The max terms ensure that no loss is added when the logits are all within the allowed range. Use lamba1 and lambda2 to scale each term so that they roughly match the CE loss in strength.

5

emilrocks888 t1_j6mjf7m wrote

I would scale logits before softmax, like it’s been done in self attention.Actually that scaling in self attn is to make the final dist of the attention weights to be smooth.

1

chatterbox272 t1_j6myph4 wrote

If the goal is to keep all predictions above a floor, the easiest way is to make the activation into floor + (1 - floor * num_logits) * softmax(logits). This doesn't have any material impact on the model, but it imposes a floor.

If the goal is to actually change something about how the predictions are made, then adding a floor isn't going to be the solution though. You could modify the activation function some other way (e.g. by scaling the logits, normalising them, etc.), or you could impose a loss penalty for the difference between the logits or the final predictions.

1

nutpeabutter t1_j6n2eaf wrote

Taking a leaf out of RL, you can add an additional entropy loss.

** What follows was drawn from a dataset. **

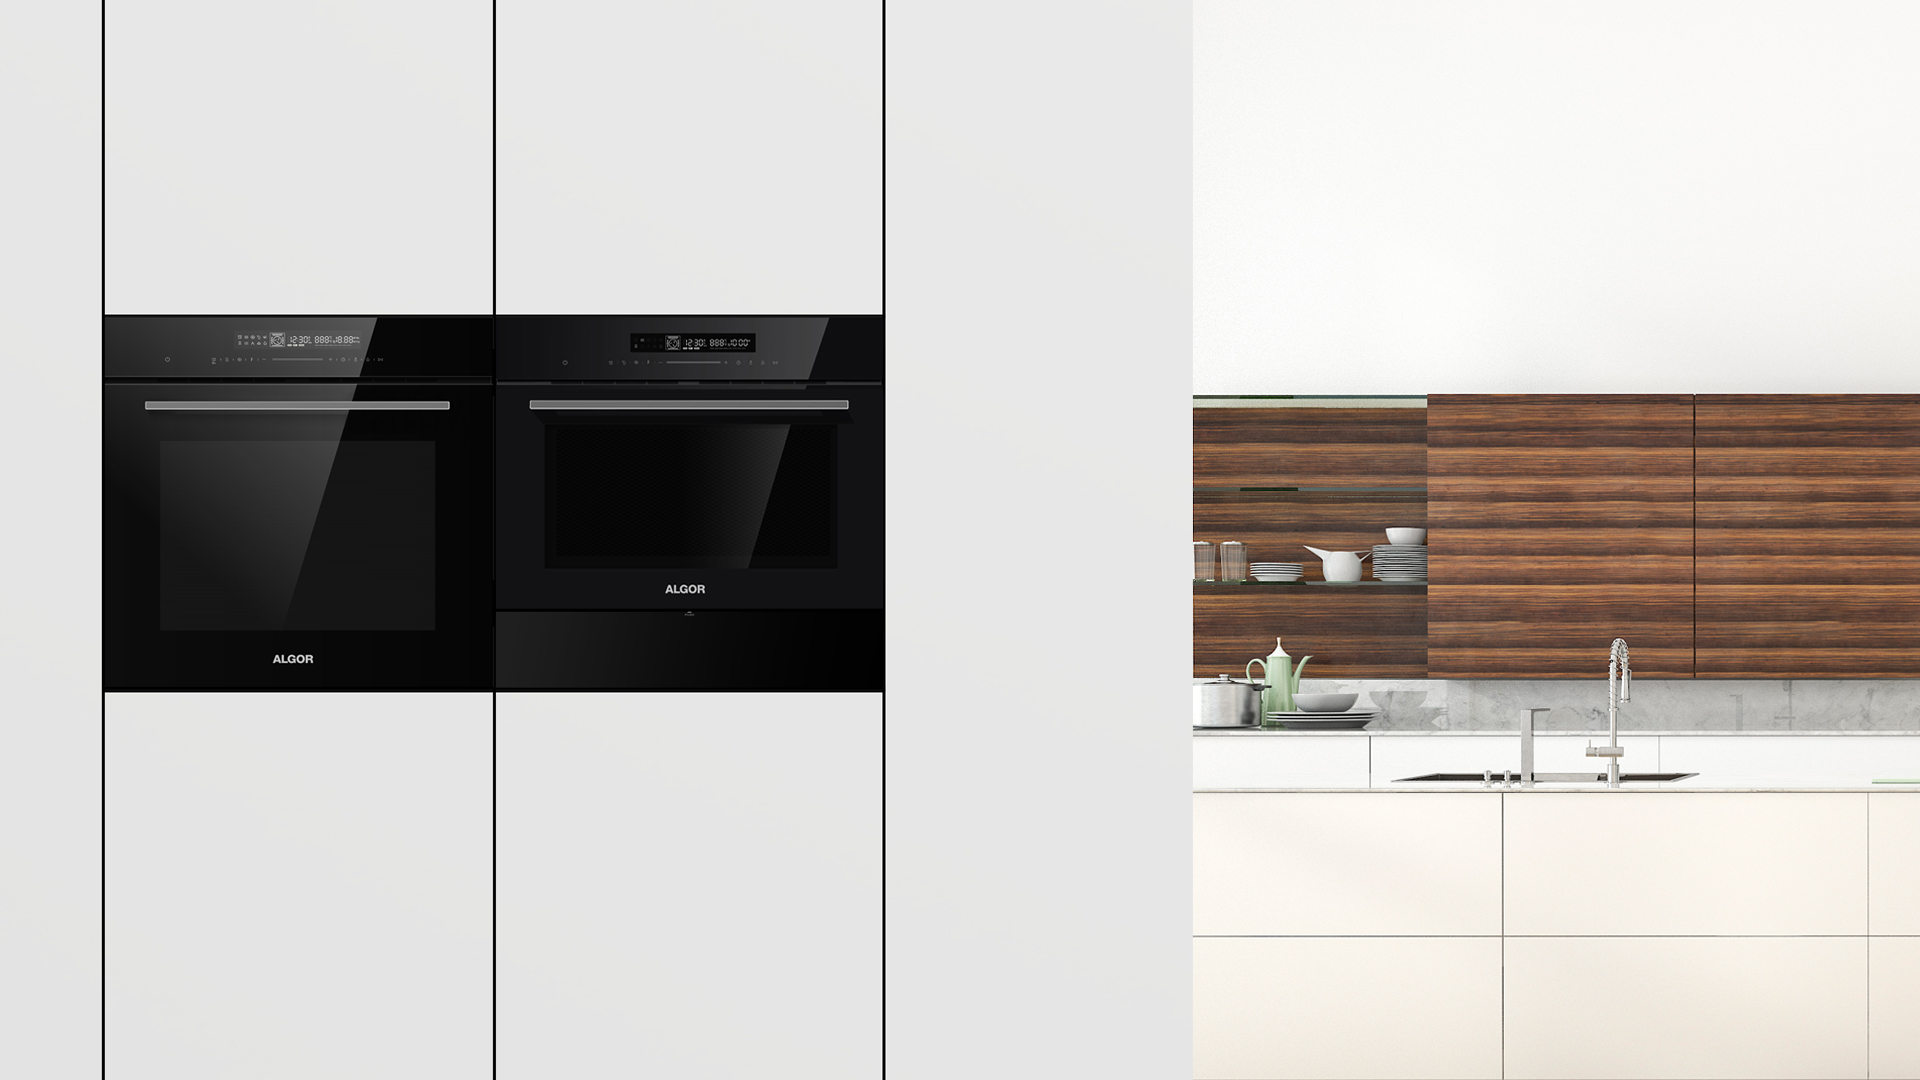 Black Oven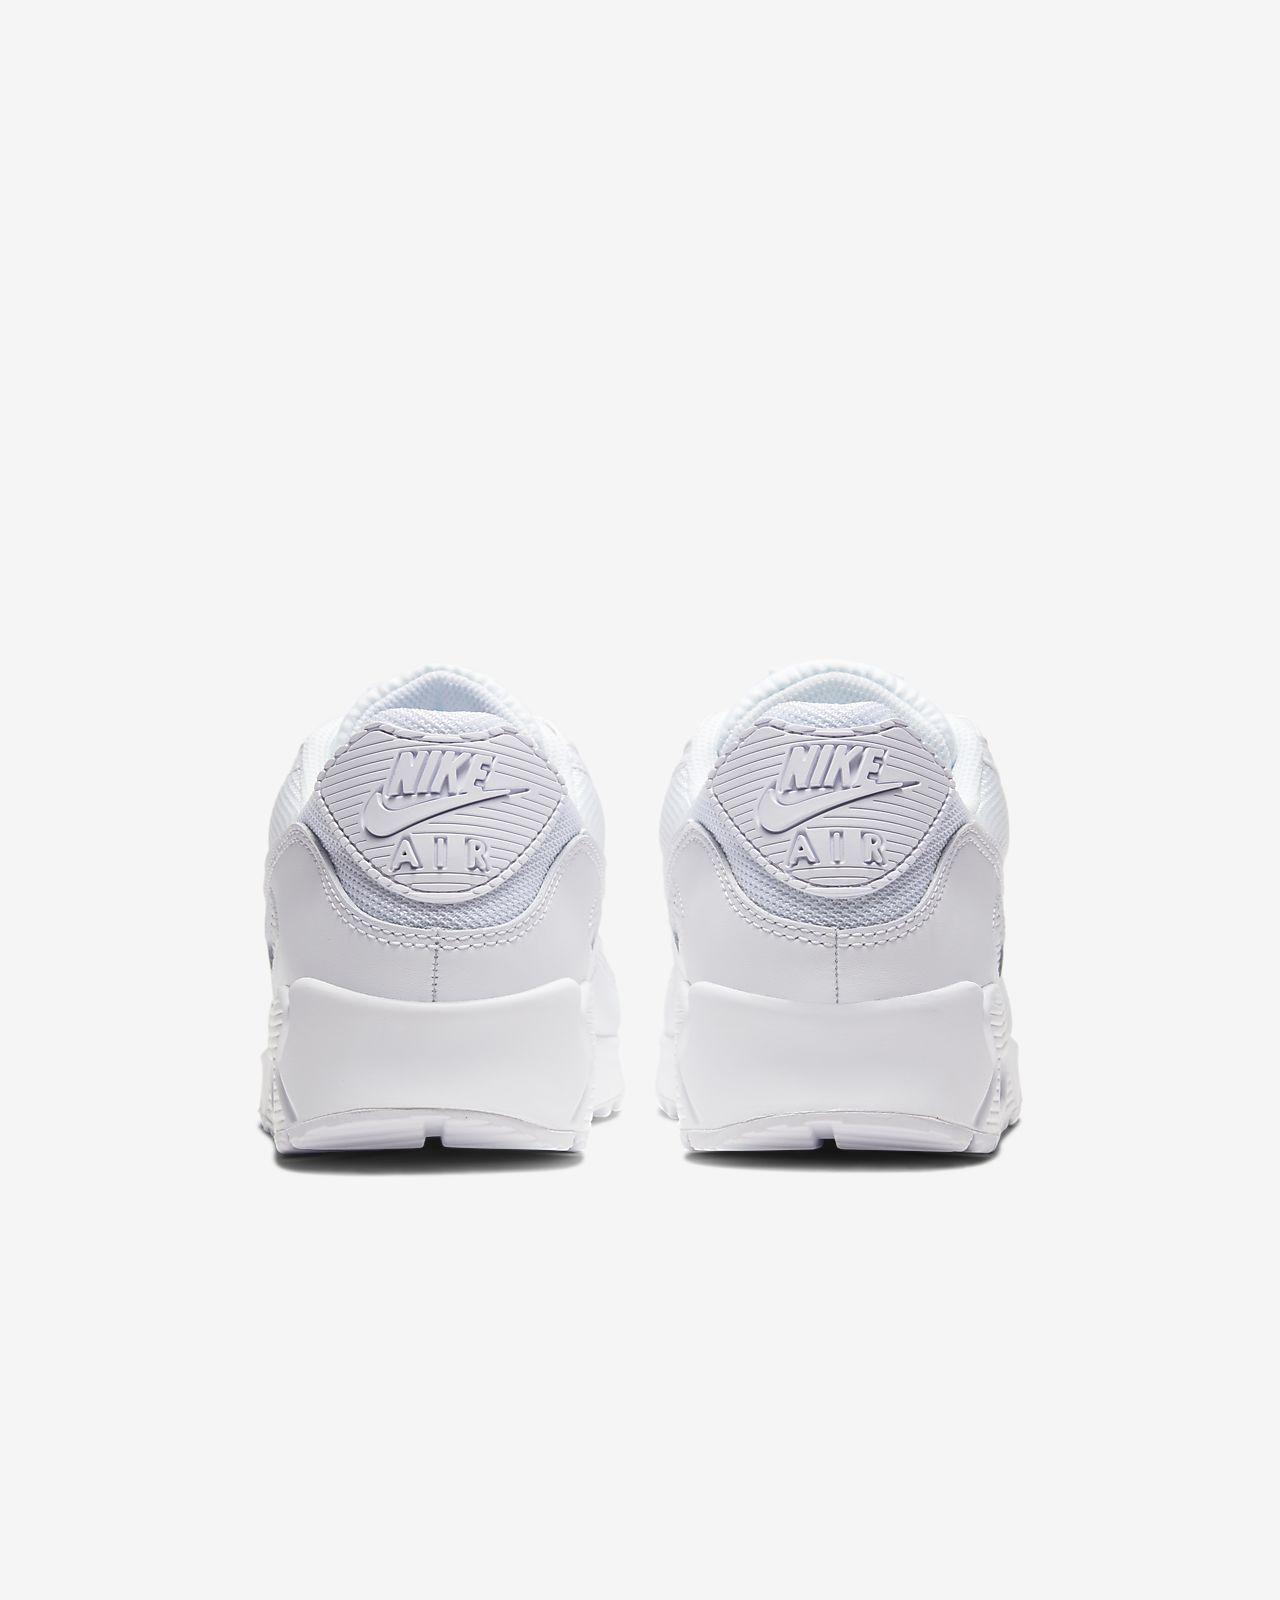 Nike Air Max 90 sko til herre

Alternatively, clip the logits but apply STE (copy gradients) on backprop

1

chatterbox272 t1_j6n3vx6 wrote

My proposed function does that. Let's say you have two outputs, and don't want either to go below 0.25. Your minimum value already adds up to 0.5, so you rescale the softmax to add up to 0.5 as well, giving you a sum of 1 and a valid distribution.

2

No_Cryptographer9806 t1_j6nfqhq wrote

I am curious why do you want to do that? You can always post process the logits but forcing the Network to learn it will cause harm to the underlying representation imo

1